When it comes to matters of the heart, there are no rules. However, as we age, starting new relationships become more and more difficult. We come with baggage; we’ve been hurt, and we are scared of letting ourselves love again.
To be perfectly honest, I didn’t think I’d ever love again after leaving a very abussive relationship five years ago. I had turtles my feelings; no man had a chance of breaking through the shell I hid under. That all changed a couple months ago. If you’ve been following my recent posts, you know the love story gone wrong. I had given my heart to what I thought was the one, and he ended up running.
He ran and I turtled. My walls went up just as fast as they had come down with him. He hurt me, and I wasn’t willing to put up with any of it. I was determined to move on as quickly as possible, so I hit the town and tried to distract myself. It didn’t work. I missed him so bad my body ached. I spent all day yesterday crying over the loss.

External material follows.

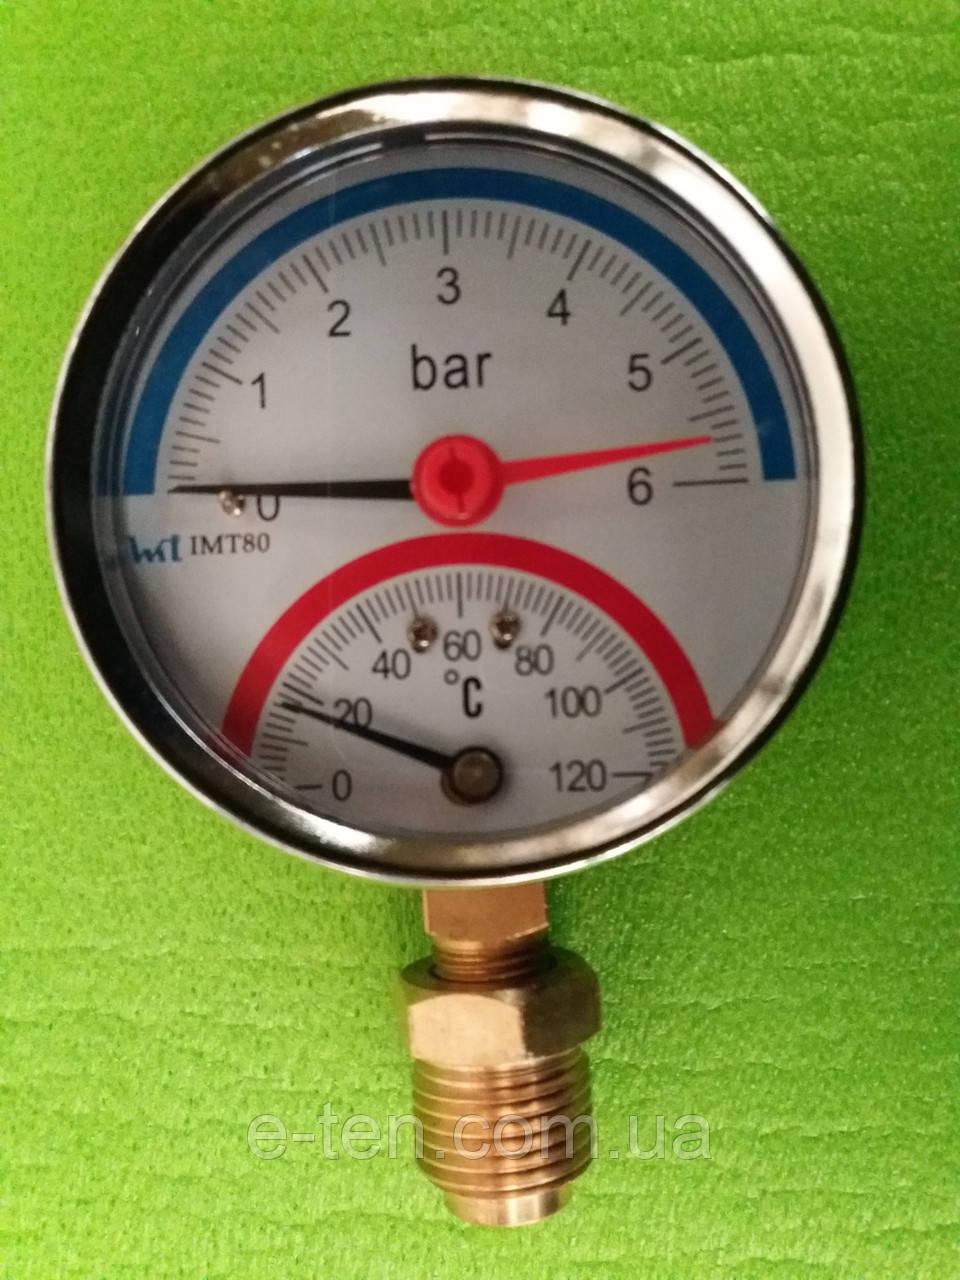 Термоманометр радиальный на резьбе 1/2 дюйма Ø80мм / 0-6 бар / Tmax=120°С Китай
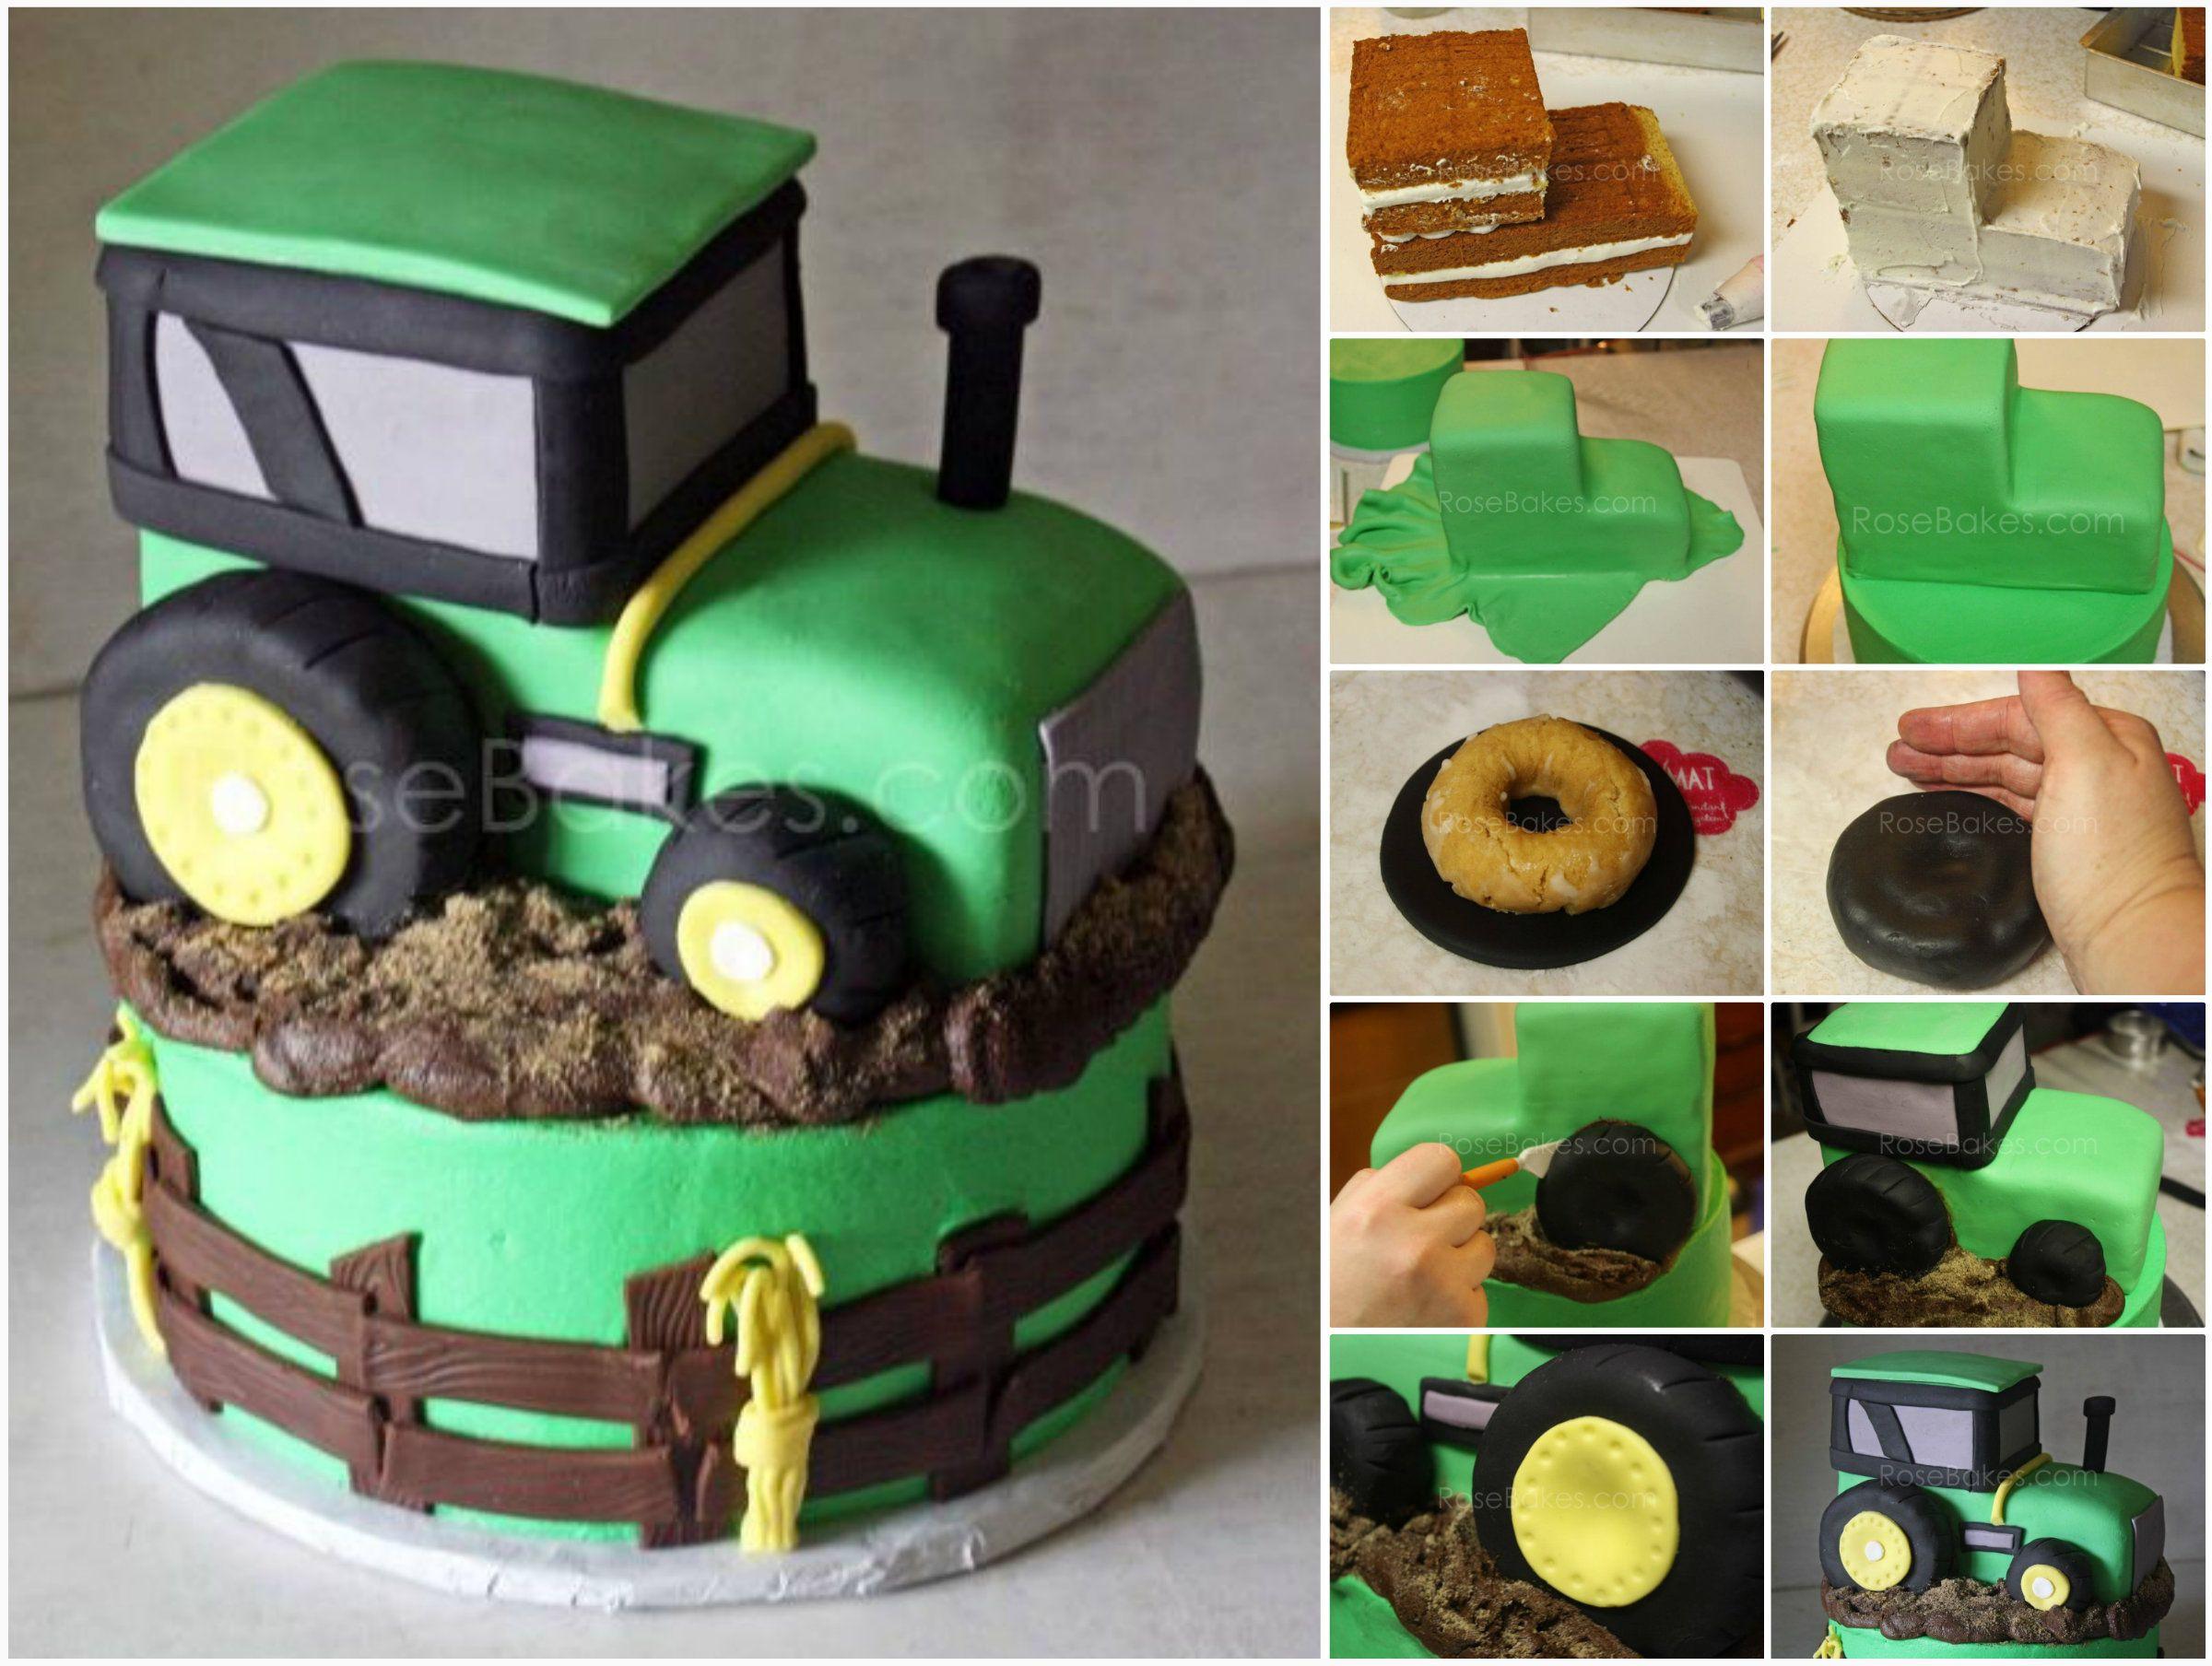 Geburtstagskuchen Traktor  John Deere Tractor Cake Tutorial Easy Video Instructions

Longish story short, I sent him a message last night. I didn’t expect a response, but I felt I owed it to myself to give him the opportunity to explain himself. This morning at 6:00am, he replied: coffee?
This is what I wanted. Him to at least see me in person and talk to me. We met and he apologized for the shitty way he handled his fears. He likes me a lot and it freaked him out. He asked for forgiveness. After telling him what I will not tolerate in a relationship and after coming to a mutual understanding, I forgave him.
Time will tell if o made the right choice, but I have to try. My heart wants him, and I think his wants me. I’m going back with my eyes a little wider, and it will take some time for me to fully trust him again. But I must be willing to help him carry his baggage because I need him to help me with mine.
So the story continues…. let’s hope this time for good.